# Problem to solve
Pictures in the records below must be left out. Return exactly the lines from the line with "Zucchini Roasted in" to the line with "Gucci Valentines Day", both included.

# Source data
"""

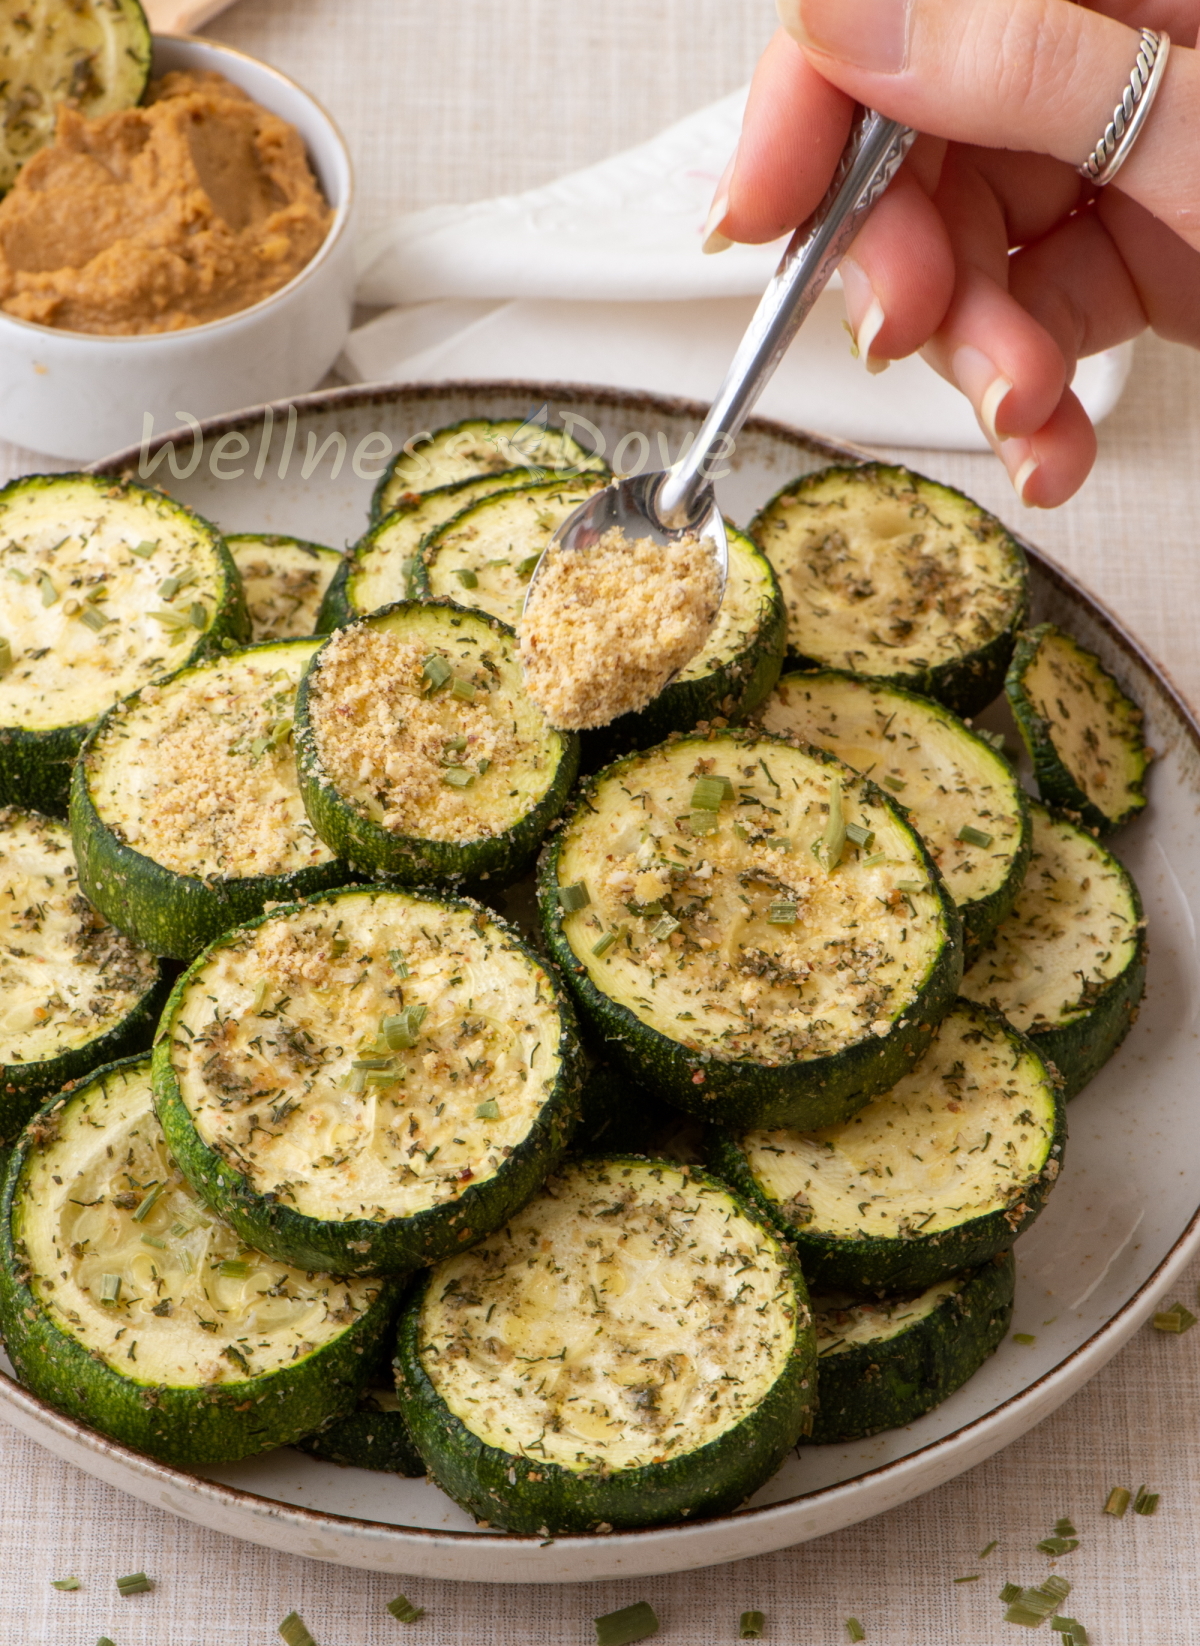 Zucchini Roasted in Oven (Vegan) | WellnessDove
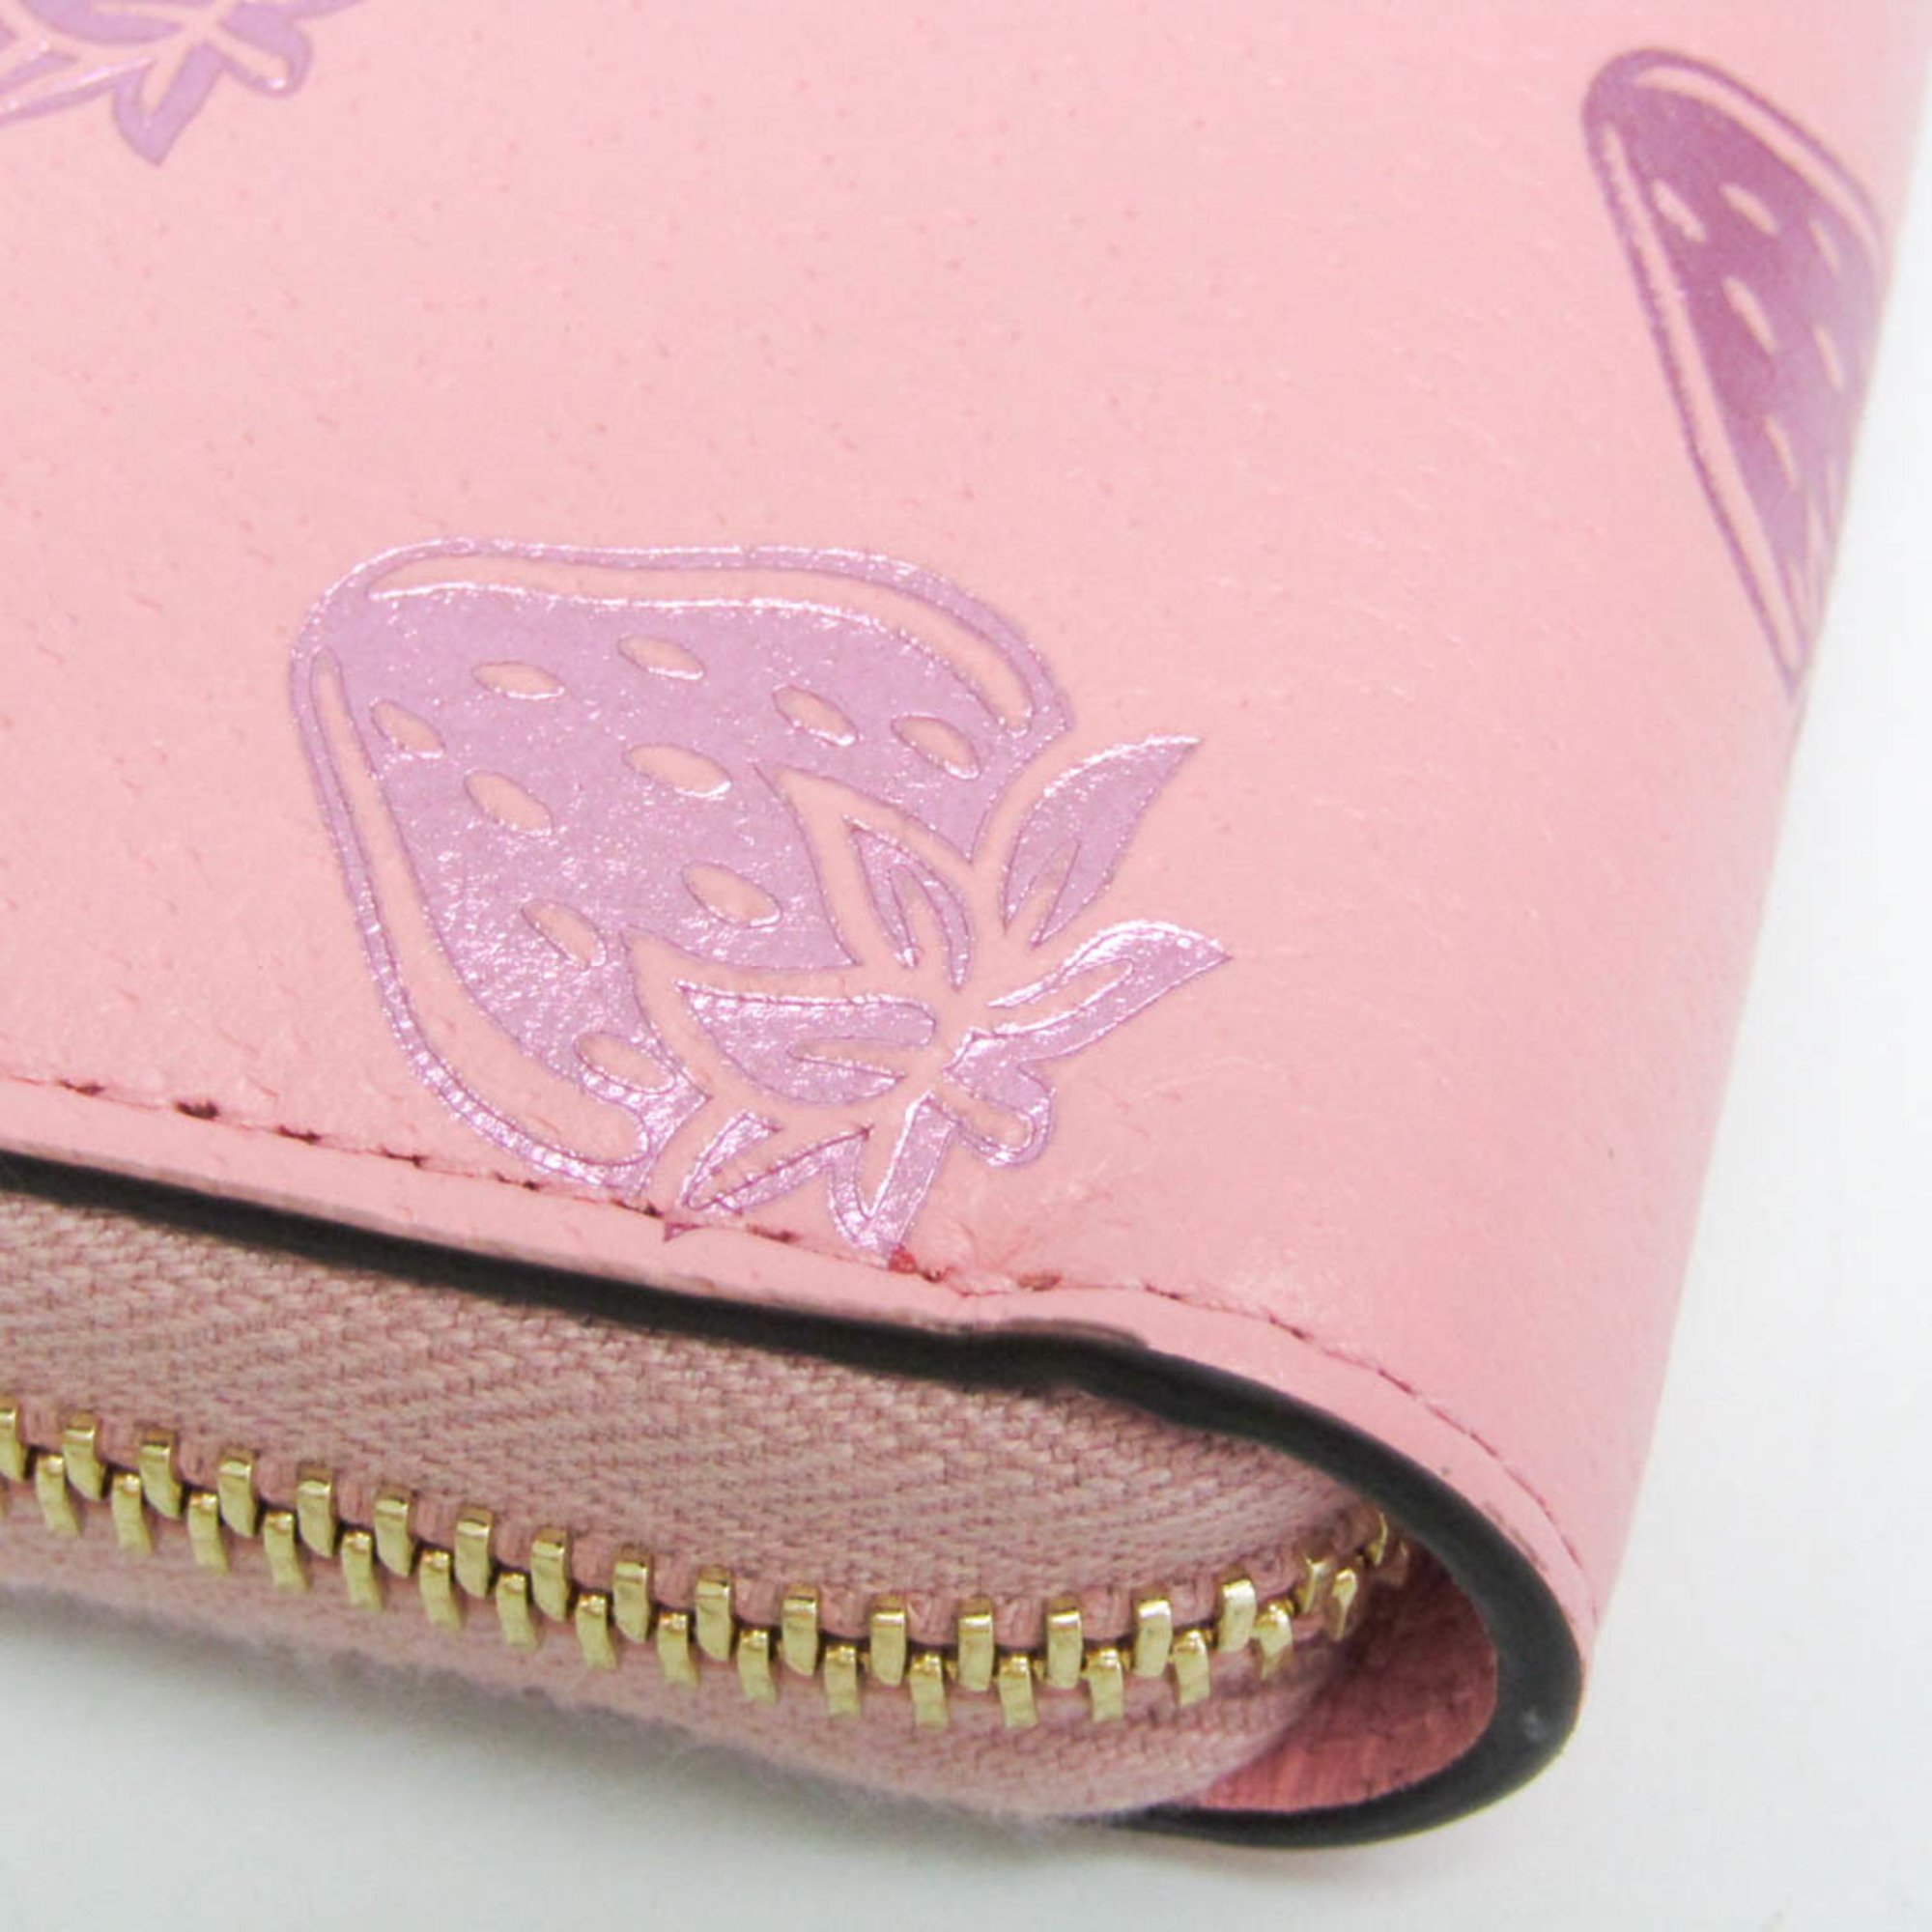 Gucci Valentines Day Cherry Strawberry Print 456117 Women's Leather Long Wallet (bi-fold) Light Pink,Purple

"""
"""

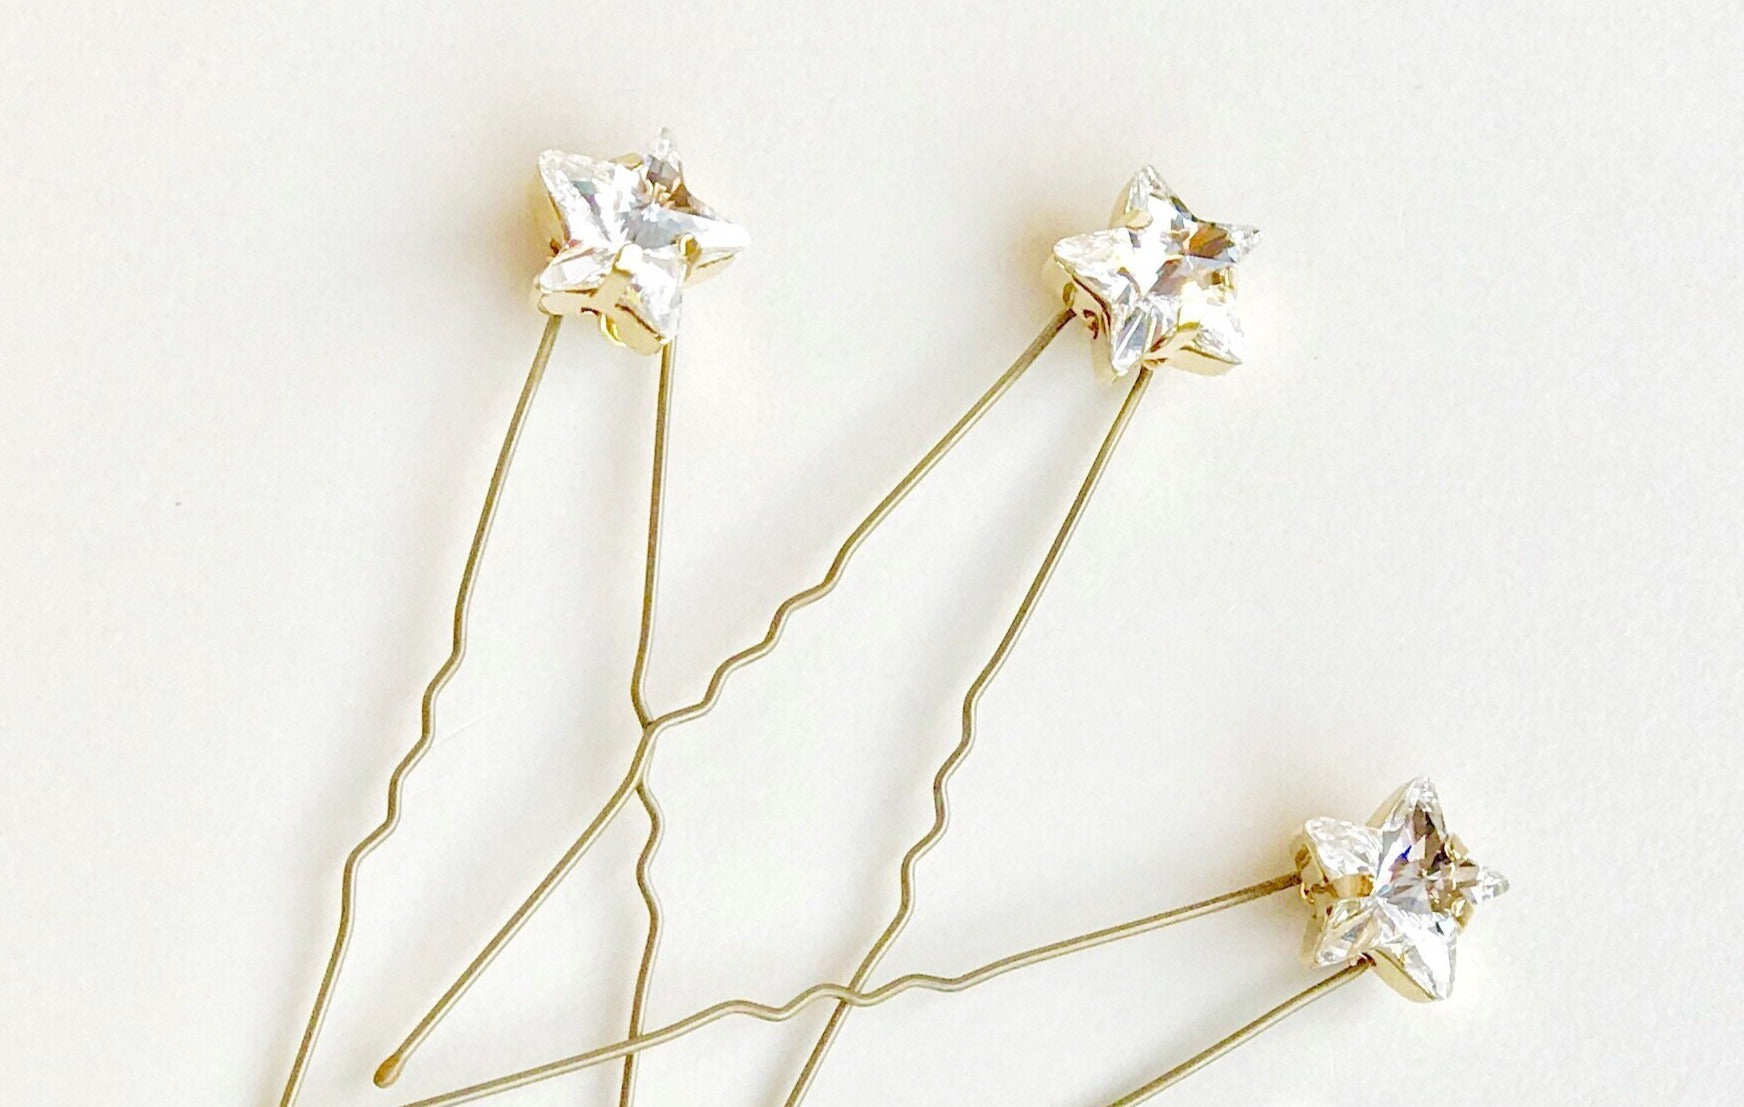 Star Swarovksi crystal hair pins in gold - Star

"""

# Exercise result
 Zucchini Roasted in Oven (Vegan) | WellnessDove
 Gucci Valentines Day Cherry Strawberry Print 456117 Women's Leather Long Wallet (bi-fold) Light Pink,Purple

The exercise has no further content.